The amount of venture capital invested in 2000 now stands at almost $80 billion. That’s a hefty increase from the nearly $60 billion invested in all of 1999. But last year saw phenomenal growth as well: total funding surged an average of 59 percent each quarter. This year, venture funding is holding relatively steady at about $26 billion per quarter, while returns are actually falling. “VCs are taking a breather,” says Jessie Reyes, vice president of Venture Economics. “They’re more circumspect about the types of companies they fund.”
VCs are also redirecting the cash flow and reducing their funding of early-stage start-ups from one quarter to one fifth of all transactions. That suggests venture capitalists are focusing more on funding existing portfolio companies. “There’s a shift away from frenzied first-round investing as VCs budget for future rounds,” says Reyes. “The trend will continue for the rest of this year.”
Companies that focus exclusively on the Internet accounted for 45 percent of total investment, down from 50 percent in the second quarter. Communications companies accounted for 18 percent of deals, and computer software and services came in third at 12 percent. Several Internet-related sectors fell out of favor. Funding for Web software and tools dropped from $4.1 billion in the second quarter to $2.8 billion in the third. Money for e-commerce and content companies fell from $10.3 billion in the second quarter to $7.7 billion.

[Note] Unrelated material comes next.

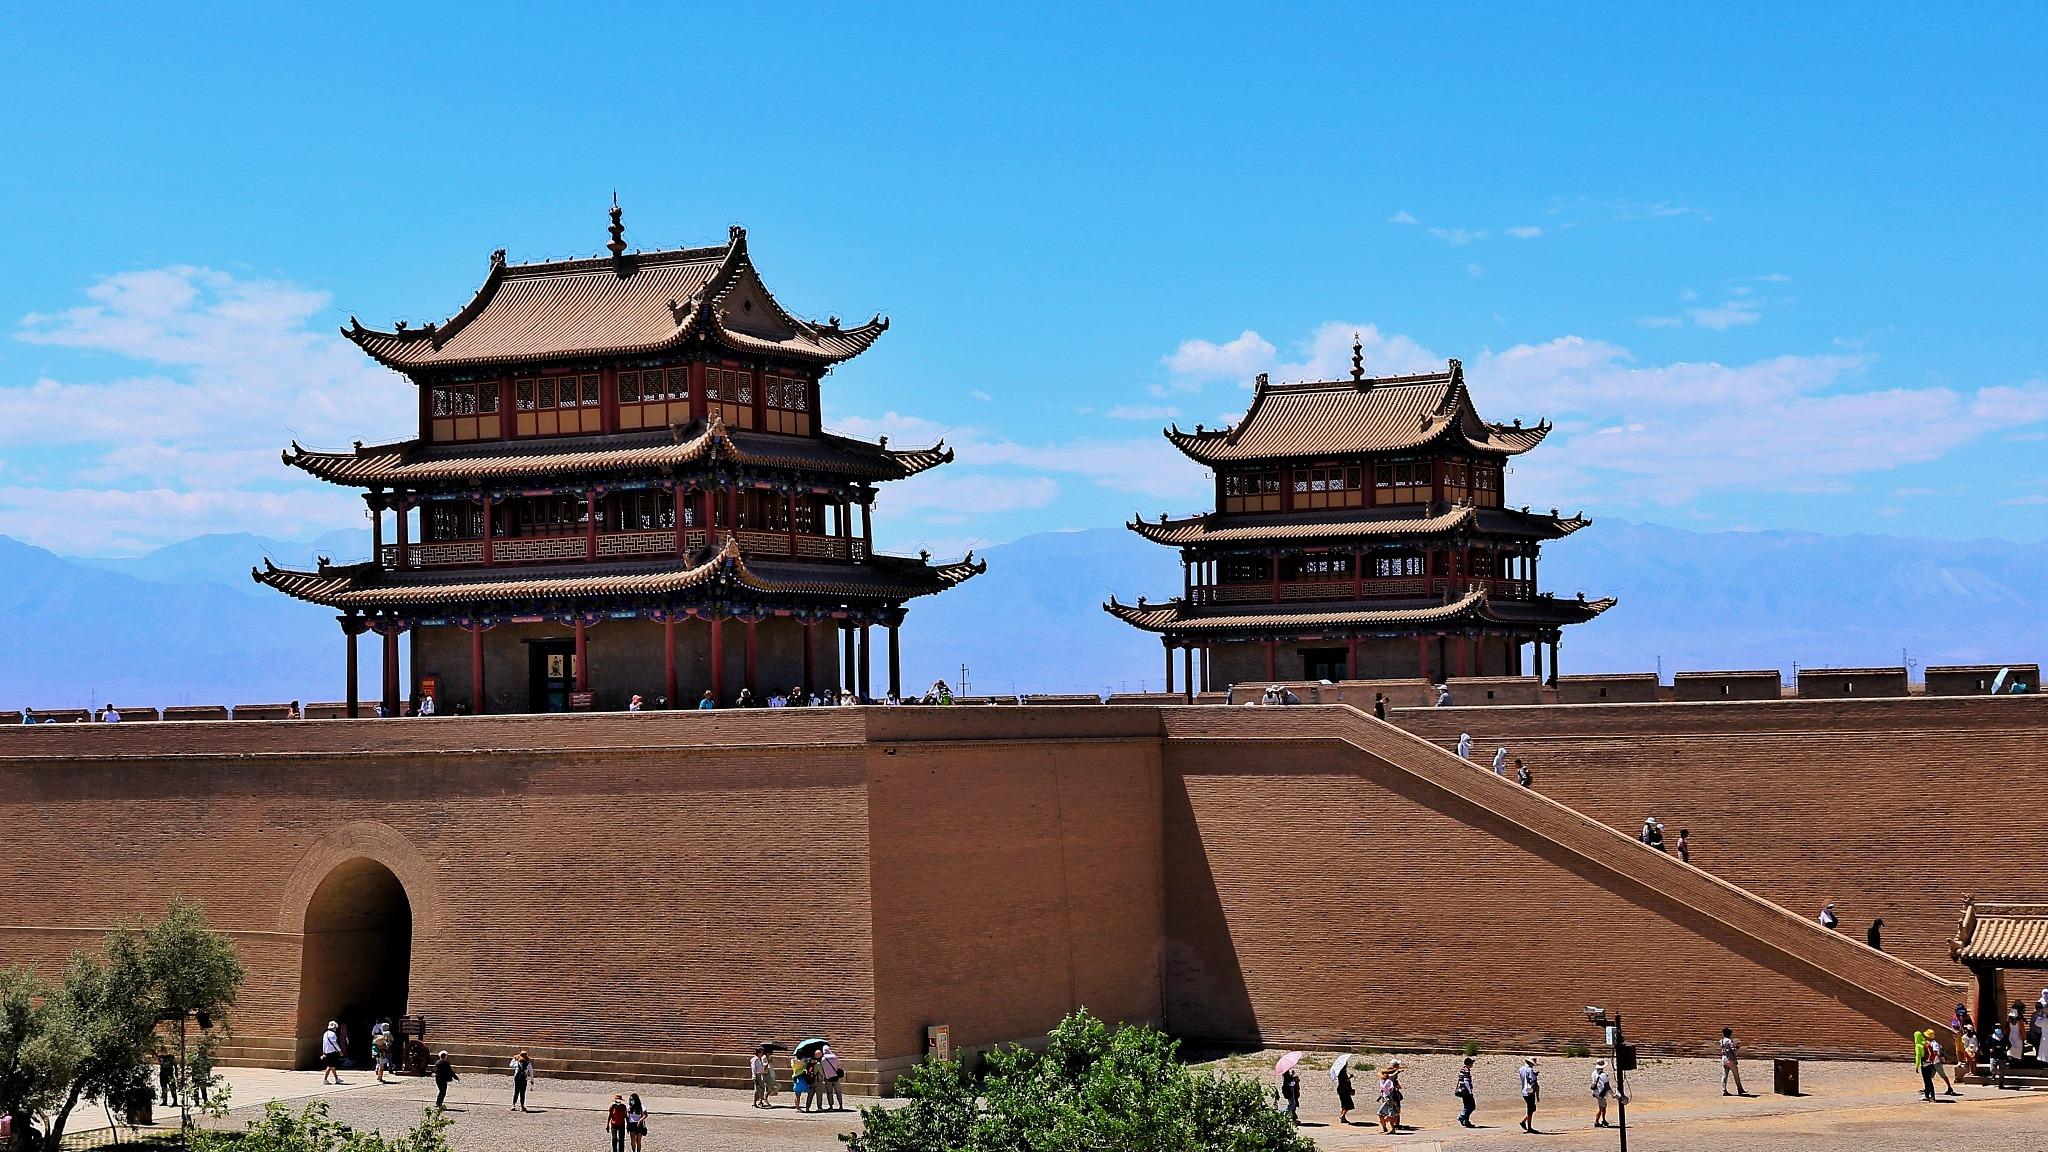 Das Dorf Jiayuguan in Gansu: Mit Blick auf die Große Mauer wird die Heimat erreicht

Although capital continues to flow, returns are diminishing. They hit the skids in the second quarter, producing a 3.9 percent internal rate of return, according to a report released earlier this month by Venture Economics. That number was far less than the high of 59 percent reached in the fourth quarter of last year.
“Returns have to drop for a significant part of the venture business,” says Jim Breyer, a venture capitalist at Accel Partners, which recently raised a $1.6 billion fund. “We told every one of our limited partners that we didn’t expect to post the same kind of returns we’ve seen over the last few years.”
Nonetheless, investors are looking for blockbuster hits. These days, they’re placing their biggest bets on telecommunications plays. Though a telecom-company craze may be developing, investors insist these firms are solid. Says Reyes, “In many cases, there were no tangible assets with the dot-coms”– a fact that became evident as many went bankrupt and had only their customer lists to sell.
In contrast, Breyer says optical, broadband, wireless and Internet-infrastructure companies have real technology assets and are routinely experiencing growth rates of 200 percent to 400 percent. And many of them can’t build enough products to satisfy demand–a different story from dot-coms that spent much of their lives trying to manufacture demand for their wares.
In most cases, the attempt to create demand proved futile. Too bad it took so many people a couple of years–and about $100 billion–to learn that lesson.